### Supplied material
☆ ☆ ☆ ☆ ☆

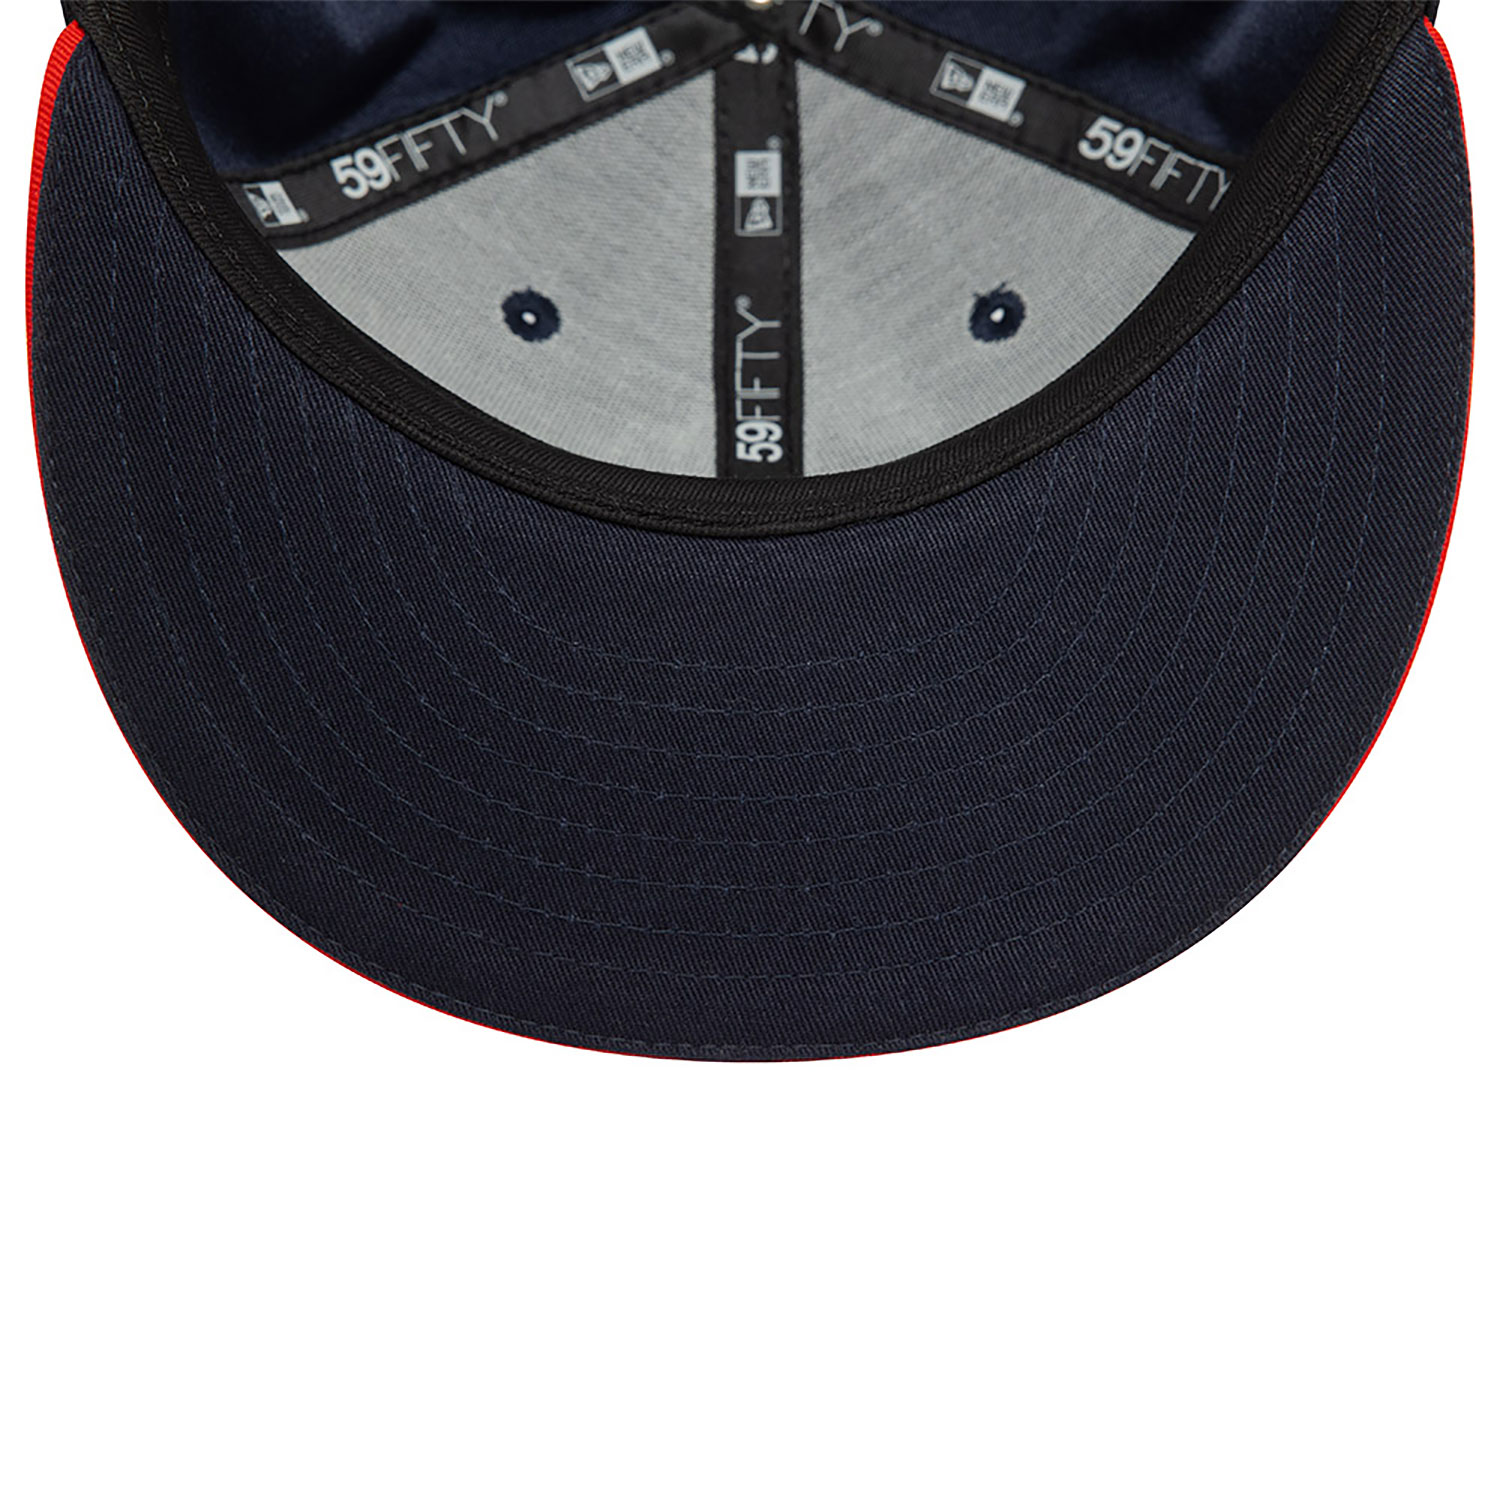 Red Bull Racing Navy 59FIFTY Fitted Cap
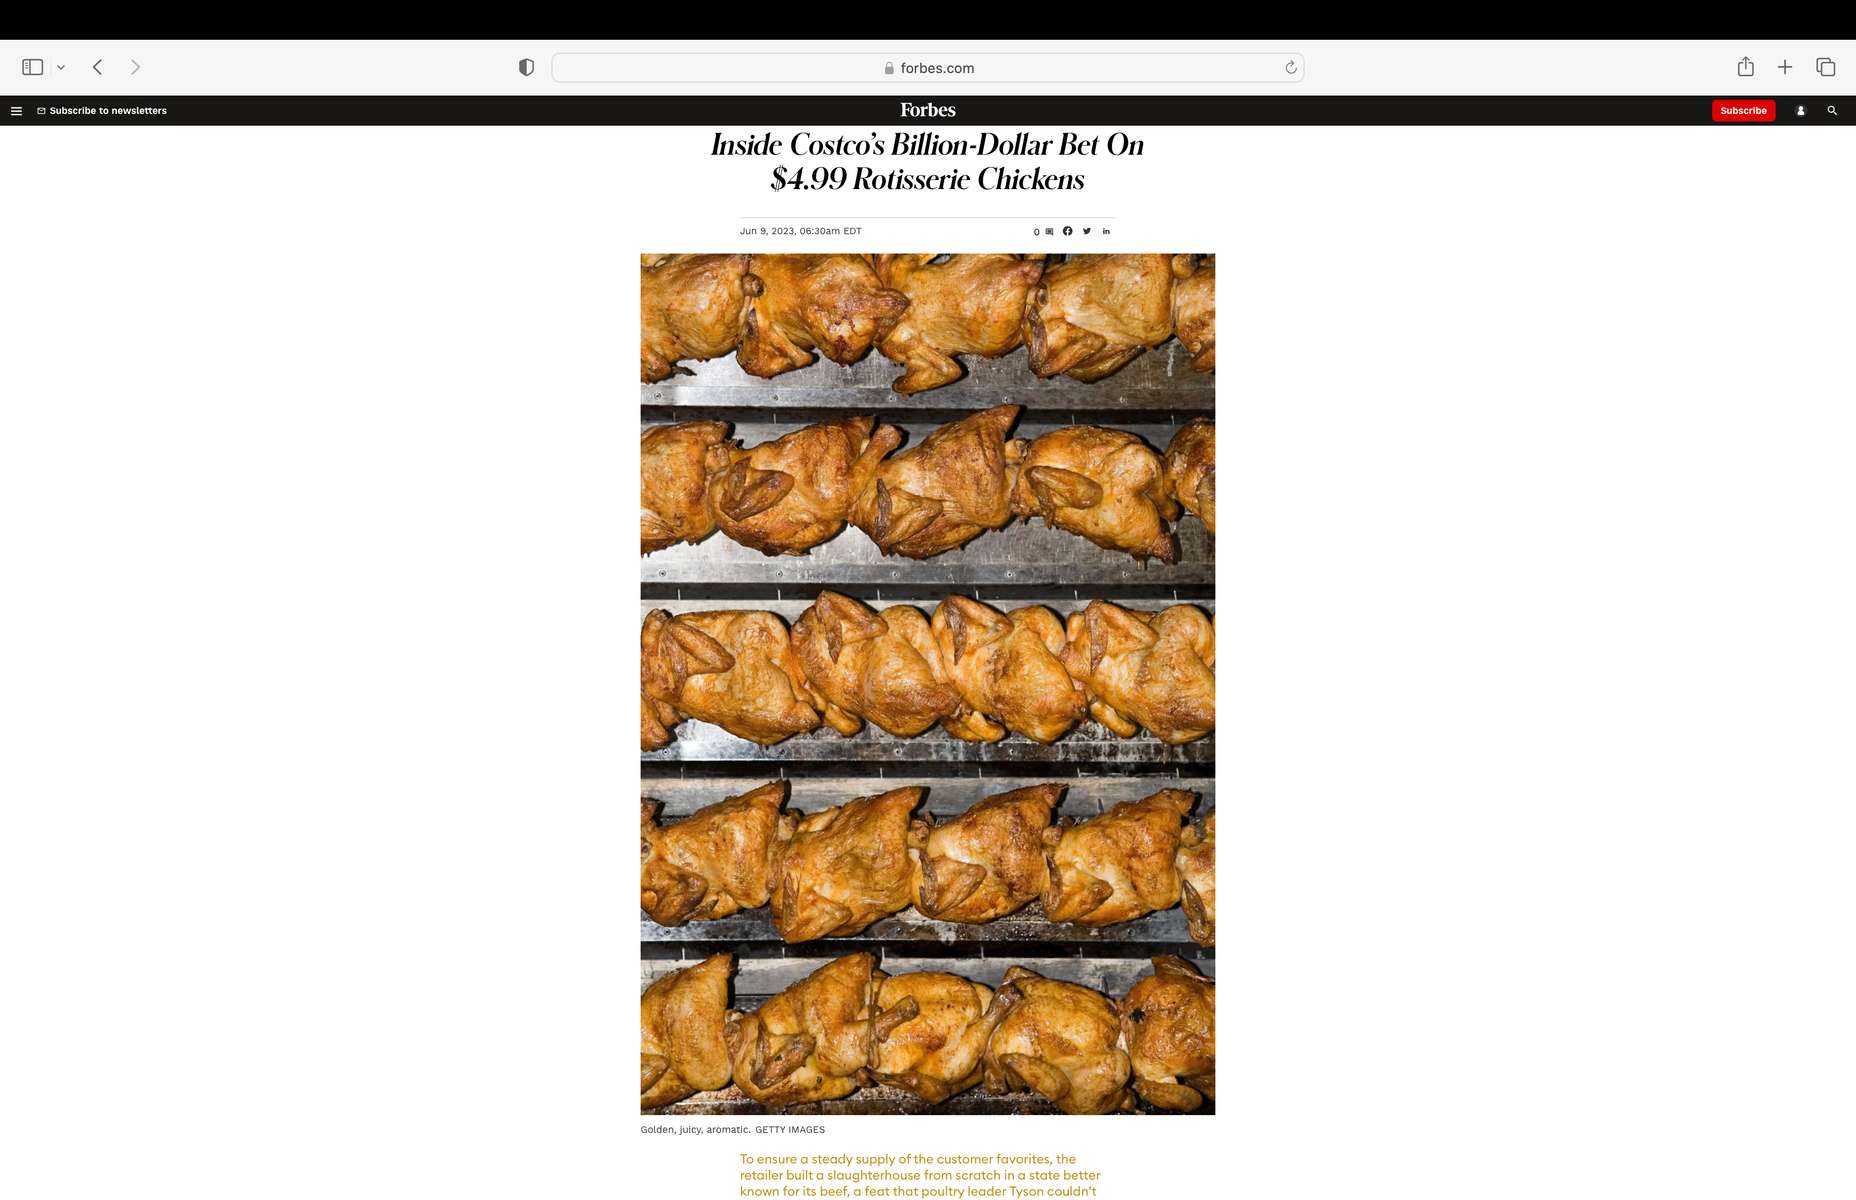 Costco's billion-dollar $4.99 rotisserie chicken  |  Photo research + edit for Forbes, 2023
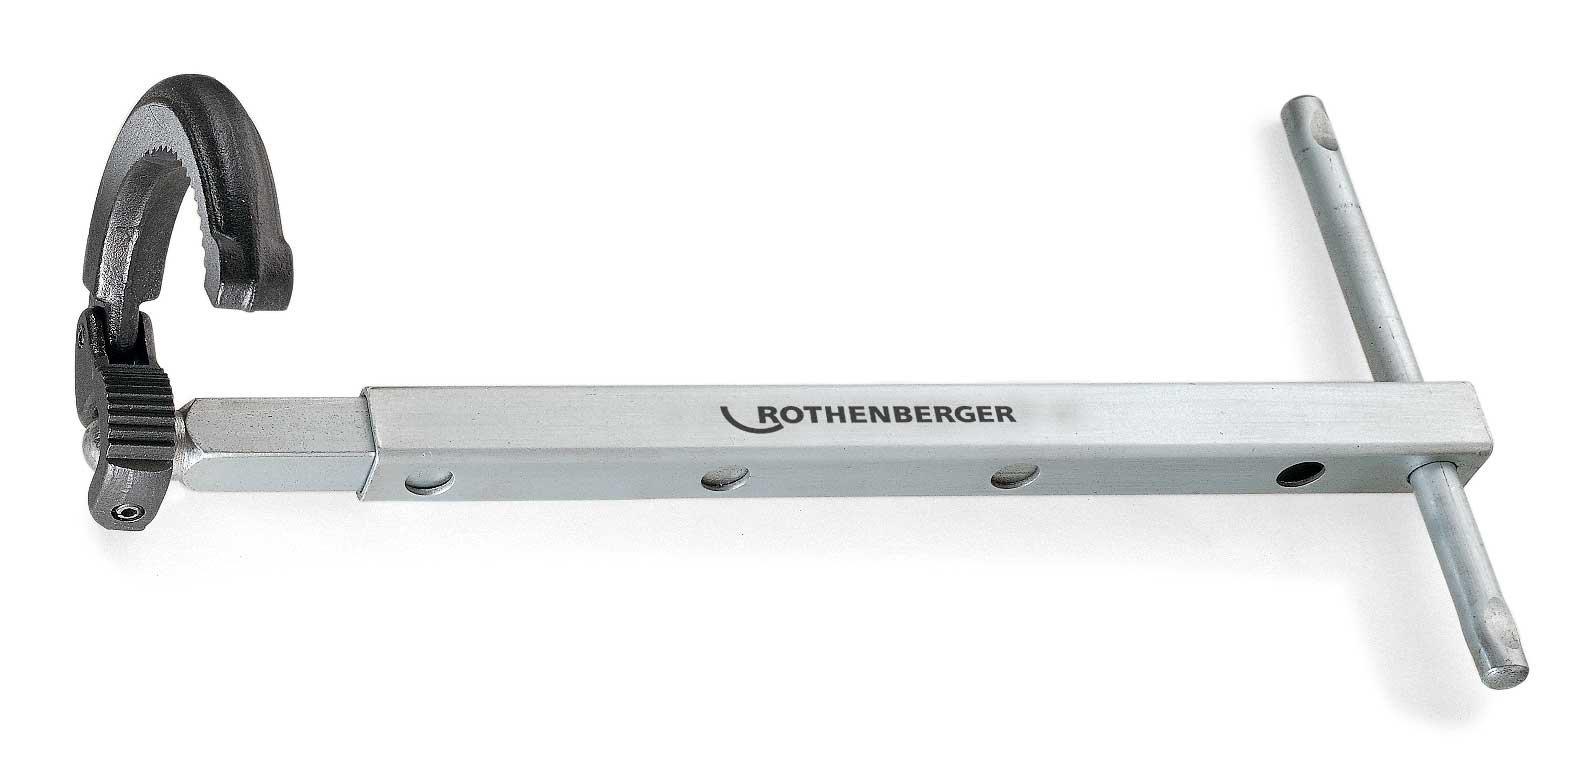 rothenberger telescopic. basin wrench 3/4"-1.7/8" (70226)
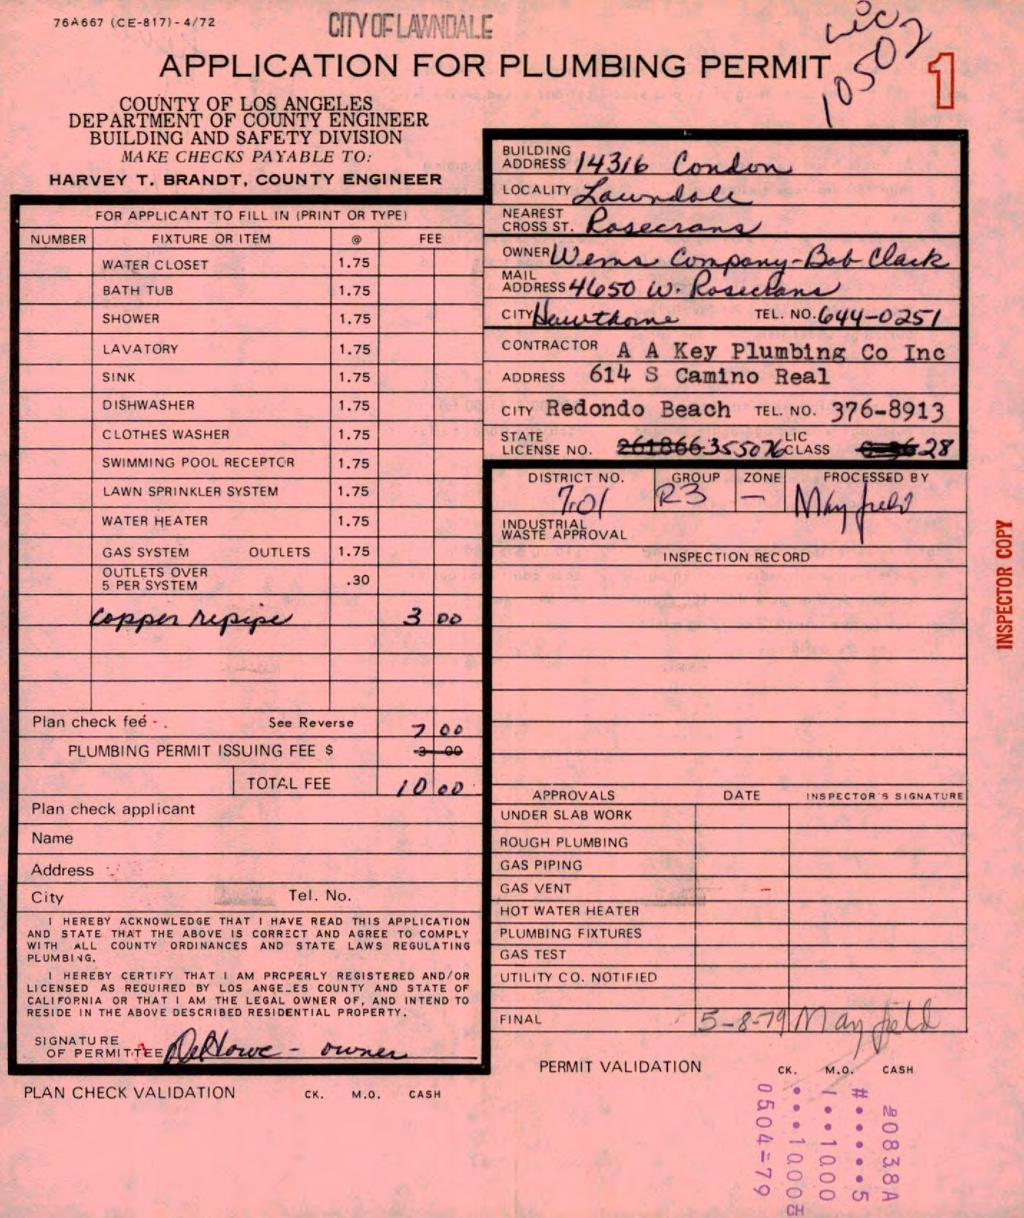 76A«fl7 <CE-B17)-4/72 crryon./^; APPLICATION FOR PLUMBING PERMIT COUNTY OF LOS ANGELES DEPARTMENT OF COUNTY ENGINEER BUILDING AND SAFETY DIVISION MAKE CHECKS PAYABLE TO: HARVEY T. BRANDT.

☆ ☆ ☆ ☆ ☆

### Your goal
Starting from the line where "rothenberger telescopic. basin" appears, copy every line through the end of the material, both ends included, but no pictures.

### Expected answer
 rothenberger telescopic. basin wrench 3/4"-1.7/8" (70226)
 76A«fl7 <CE-B17)-4/72 crryon./^; APPLICATION FOR PLUMBING PERMIT COUNTY OF LOS ANGELES DEPARTMENT OF COUNTY ENGINEER BUILDING AND SAFETY DIVISION MAKE CHECKS PAYABLE TO: HARVEY T. BRANDT.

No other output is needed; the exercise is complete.